The upstream remediation is the highest-leverage. Arize Phoenix currently ships with PHOENIX_ENABLE_AUTH defaulting to false. A one-line config change protects the entire population.


Remediation (per-operator)

# Phoenix environment:
PHOENIX_ENABLE_AUTH=true
PHOENIX_SECRET=<strong-random-secret>

Verify:

curl http://IP:6006/v1/projects
# Expected: 401 or 403, NOT a populated data array

Toolchain Provenance

Step 0:    shodan download '"Phoenix" port:6006' (89 records)
Step 0c:   IP extraction → ip-port.txt (89 unique)
Step 1b:   herald -platform phoenix < ip-port.txt
           - probe id projects_unauth: /v1/projects array_nonempty
           - probe id users_unauth: /v1/users array_nonempty
           - probe id health_open: /healthz body_contains "OK"
Step 3v:   Endpoint semantics verified against Arize/phoenix v6.x source
Step 12b:  This document

Tool: herald v0.1.1 (github.com/nuclide-research/herald). Phoenix config added with three probes covering the LLM02-class disclosure surface.


Research Contribution

Phoenix is the third same-day platform survey (after Langfuse and RAGFlow). Unlike the registration-flag findings, Phoenix surfaces a direct data-layer disclosure: the platform’s default deployment exposes the actual data model (projects, users) without any auth step. This maps cleanly to OWASP LLM Top 10 (2025) entry LLM02 Sensitive Information Disclosure, which jumped from #6 to #2 in the 2025 revision specifically because of incidents like this — enterprise AI deployments leaking observability data publicly.

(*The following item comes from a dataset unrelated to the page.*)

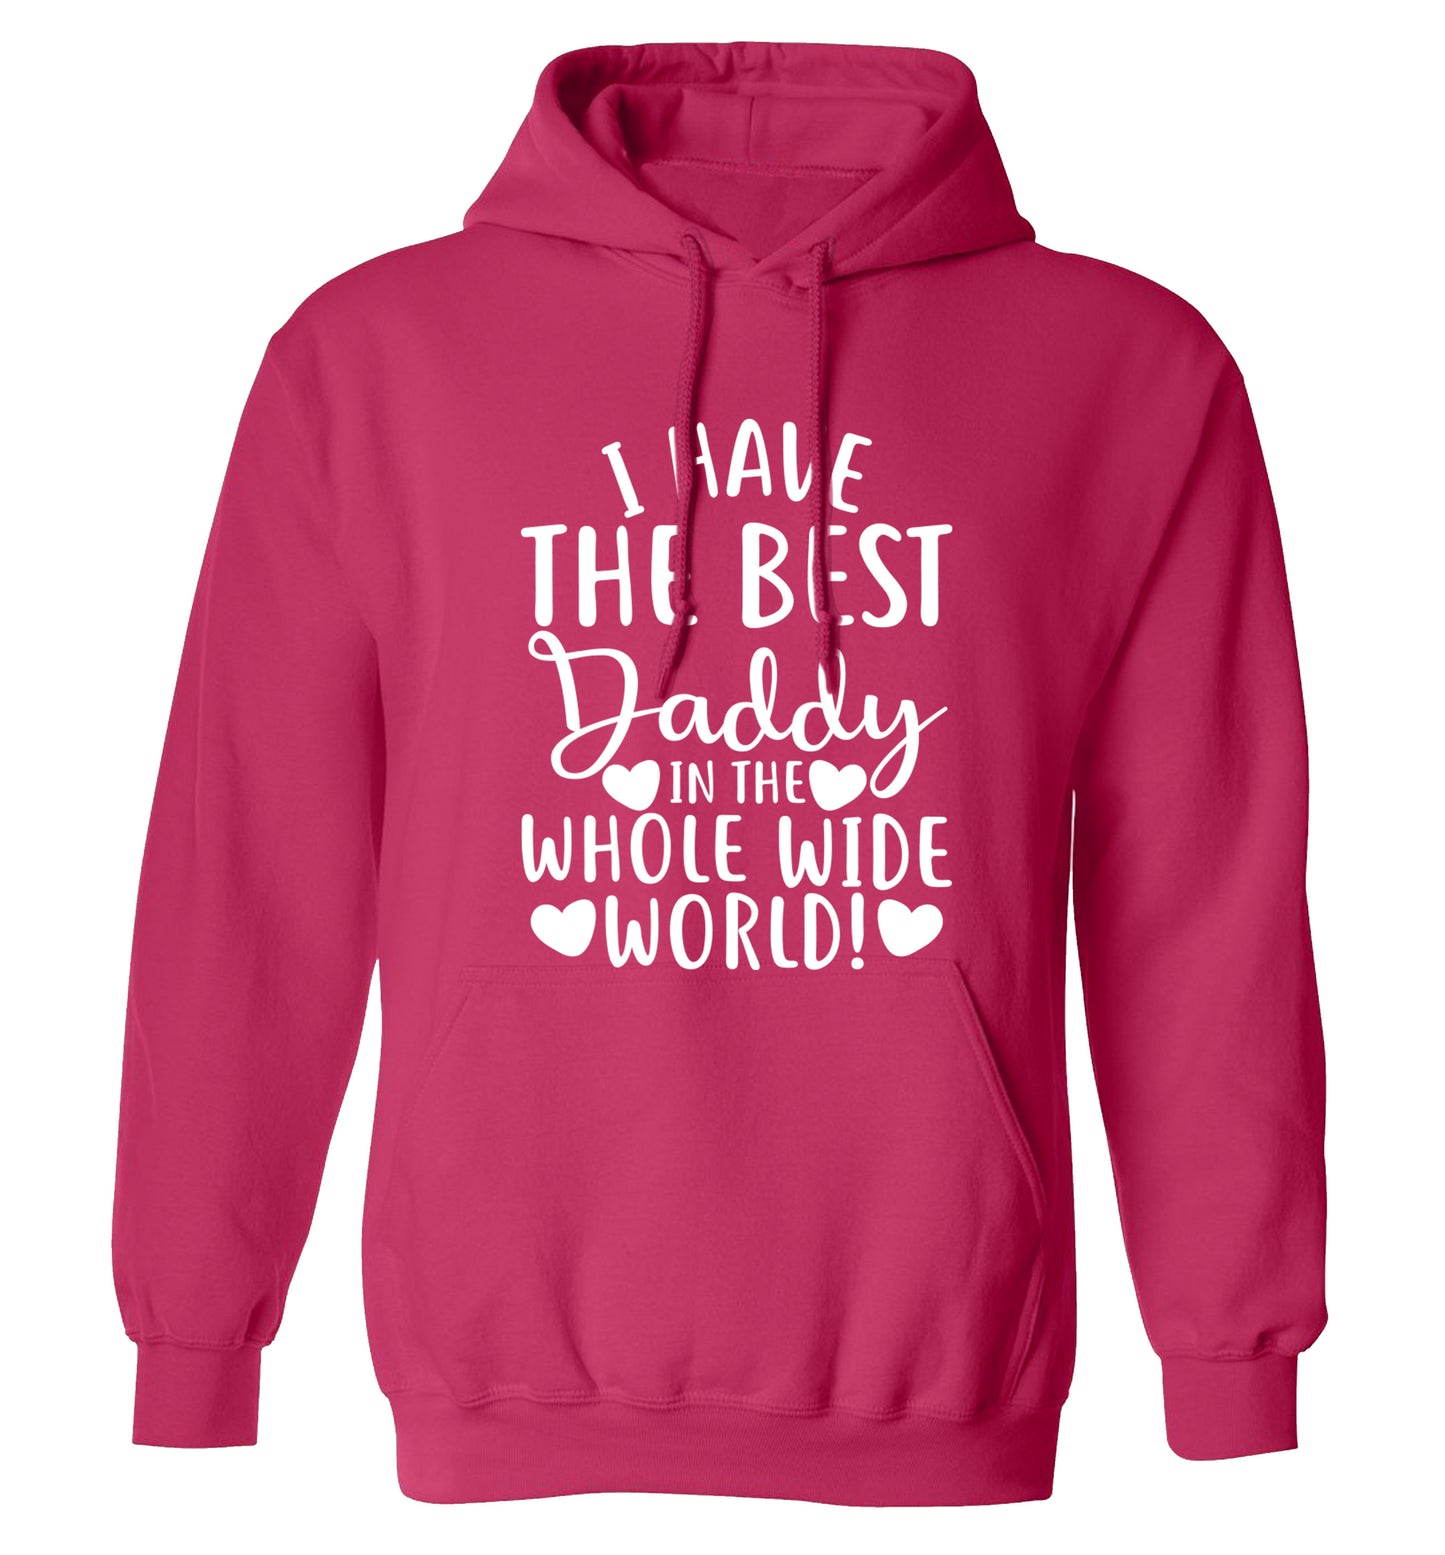 I have the best daddy in the whole wide world adults unisex pink hoodie 2XL

The Phoenix population is also the smallest of the three (89 vs 1,140 vs 1,905), suggesting either a more sophisticated user base who hardens by default, or a less mature deployment cycle where many operators still run development instances unauthenticated. The 74.5% PROJECTS_UNAUTH rate suggests the latter.

The three-platform same-day corpus (Langfuse 88.9%, RAGFlow 87.2%, Phoenix 74.5%) is a strong empirical baseline for the auth-permissive-default cohort hypothesis (Candidate Insight #76).